I have the following dataframe
dput(head(phone_numbers_df))
structure(list(phone_number = c("30 969166", "31 8941", "32 34057", "33 24021", "34 685284", "36 226317"), prefix = c("30", "31", "32", "33", "34", "36")), row.names = c(NA, -6L), class = c("tbl_df", "tbl", "data.frame"))
there should always be 6 numbers in the suffix of phone_number. some have 5 or 4 since generated from random numbers.

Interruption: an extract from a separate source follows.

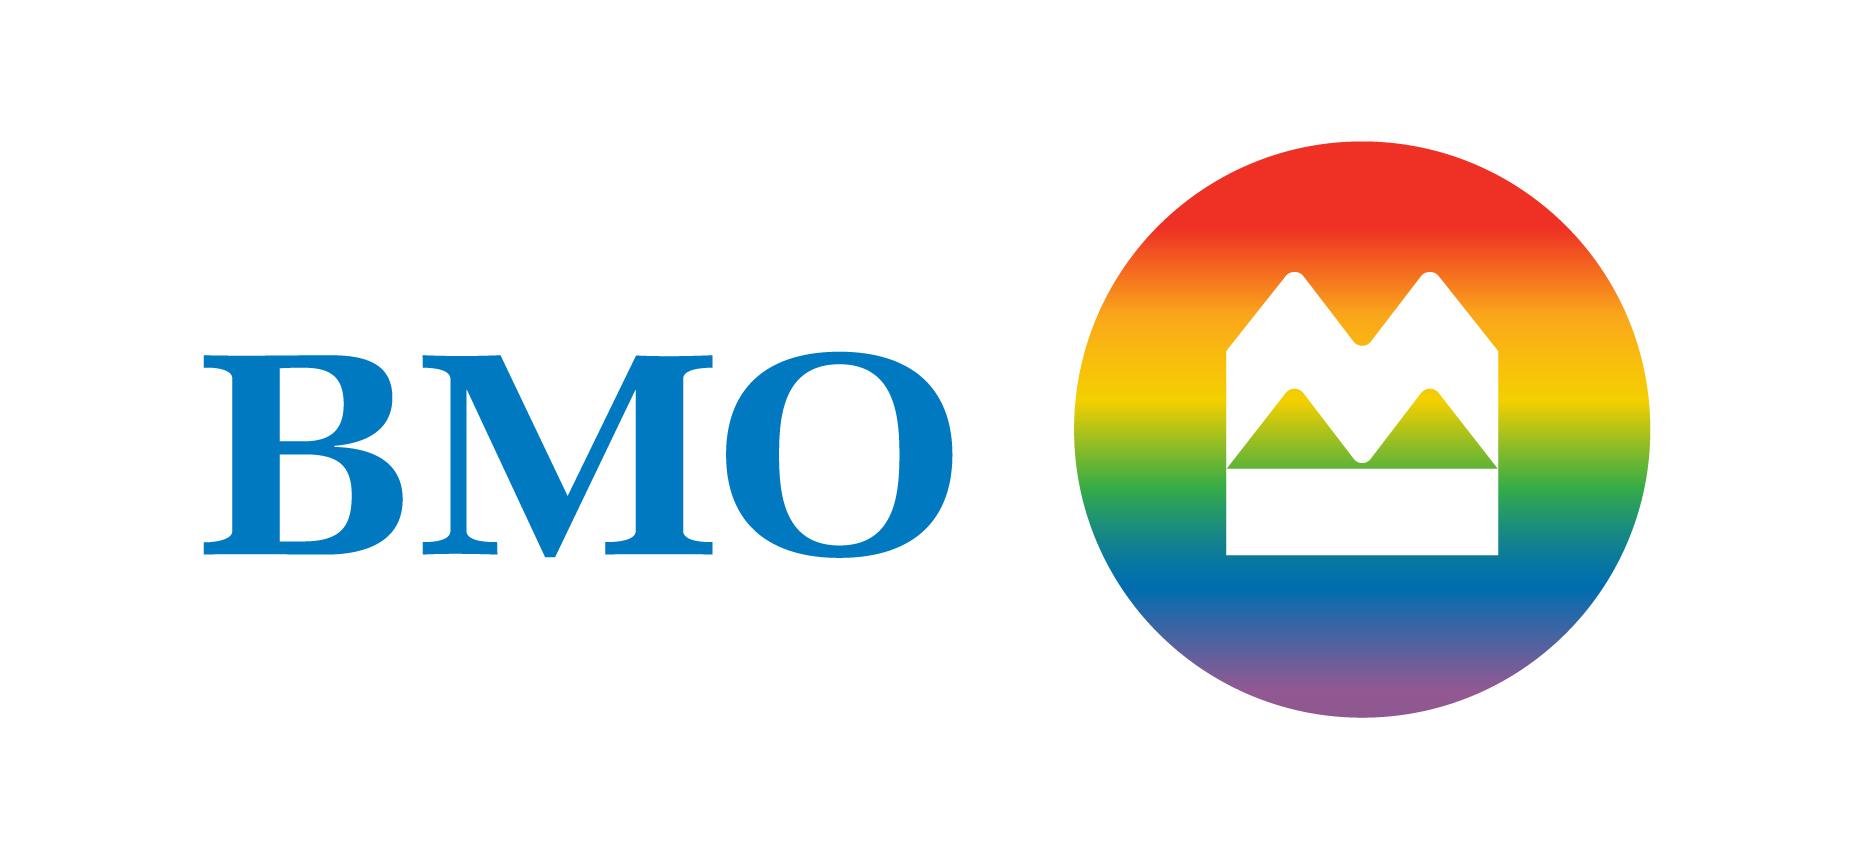 BMO_MasterBrand_Pride_2.jpg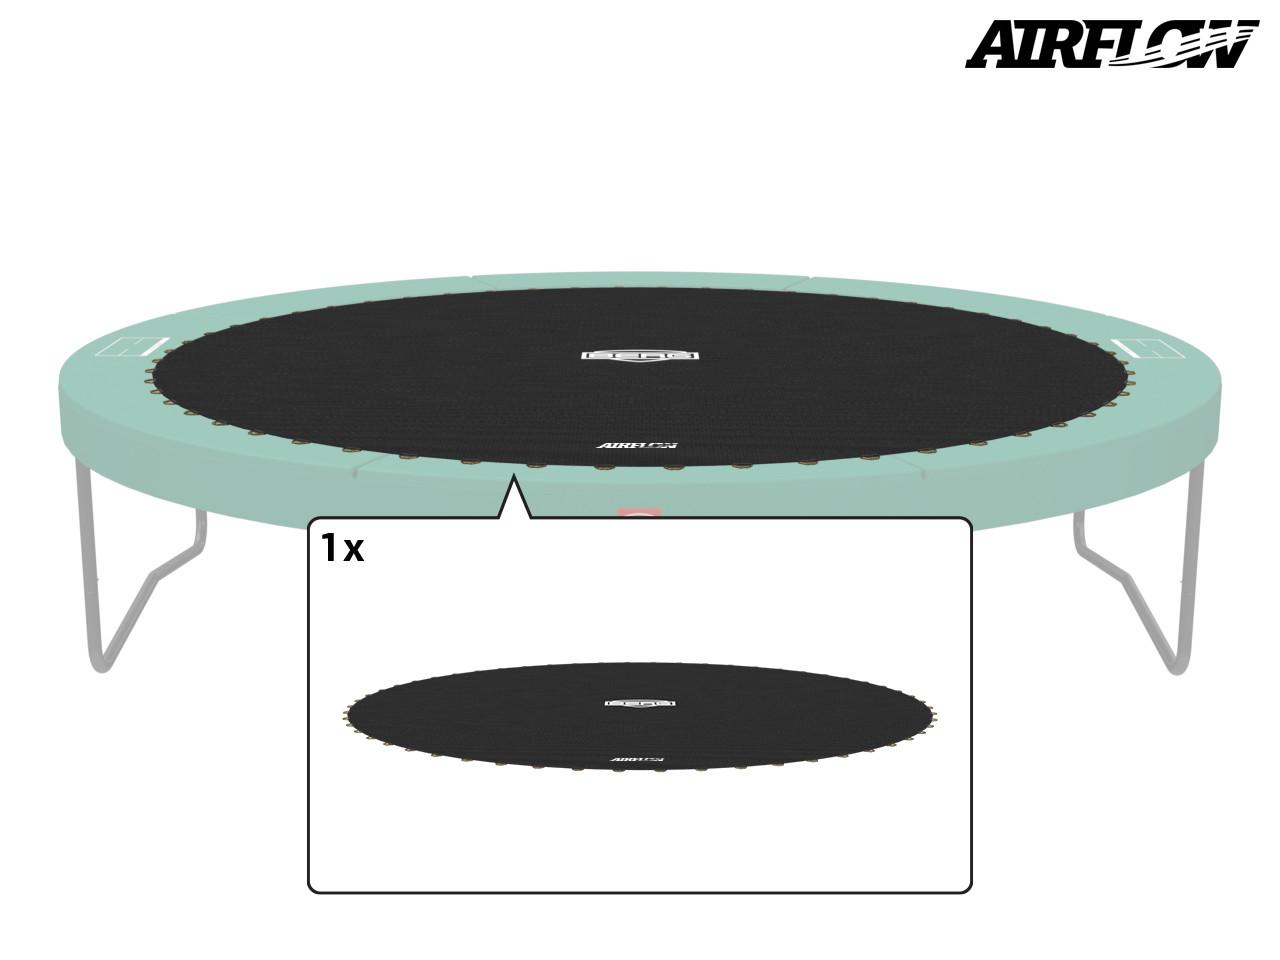 Champion - Jump mat 380 (12,5ft) (TwinSpring, AIRFLOW)

How to replace the white spaces by zeros?
I have tried the following but the regex used does not seem to detect the white spaces properly
library(tidyverse)
fixed_numbers <- phone_numbers_df %>%
mutate(needs_replacement = str_detect(needs_replacement , "\\s{1,6}$")) %>%
mutate_at(vars(needs_replacement), ~ ifelse(. == TRUE, str_replace(., "\\s{1,6}$", "000000"), .))
# Display the fixed phone numbers
print(fixed_numbers)
thanks in advance for any help!
You don't need to first detect and then replace. According to your description and code, you want to replace each ' ' with "0" only in the last 6 characters.
phone_numbers_df %>%
mutate(needs_replacement = paste(prefix, str_replace_all(str_sub(phone_number, -6), '\\s', '0'), sep = ' '))
# A tibble: 6 x 3
phone_number prefix needs_replacement
<chr> <chr> <chr>
1 30 969166 30 30 969166
2 31 8941 31 31 008941
3 32 34057 32 32 034057
4 33 24021 33 33 024021
5 34 685284 34 34 685284
6 36 226317 36 36 226317
Perhaps this looks better. Leaving random white spaces between prefix and number does not make sense to me. You can even get rid of the white spaces at all if you wish.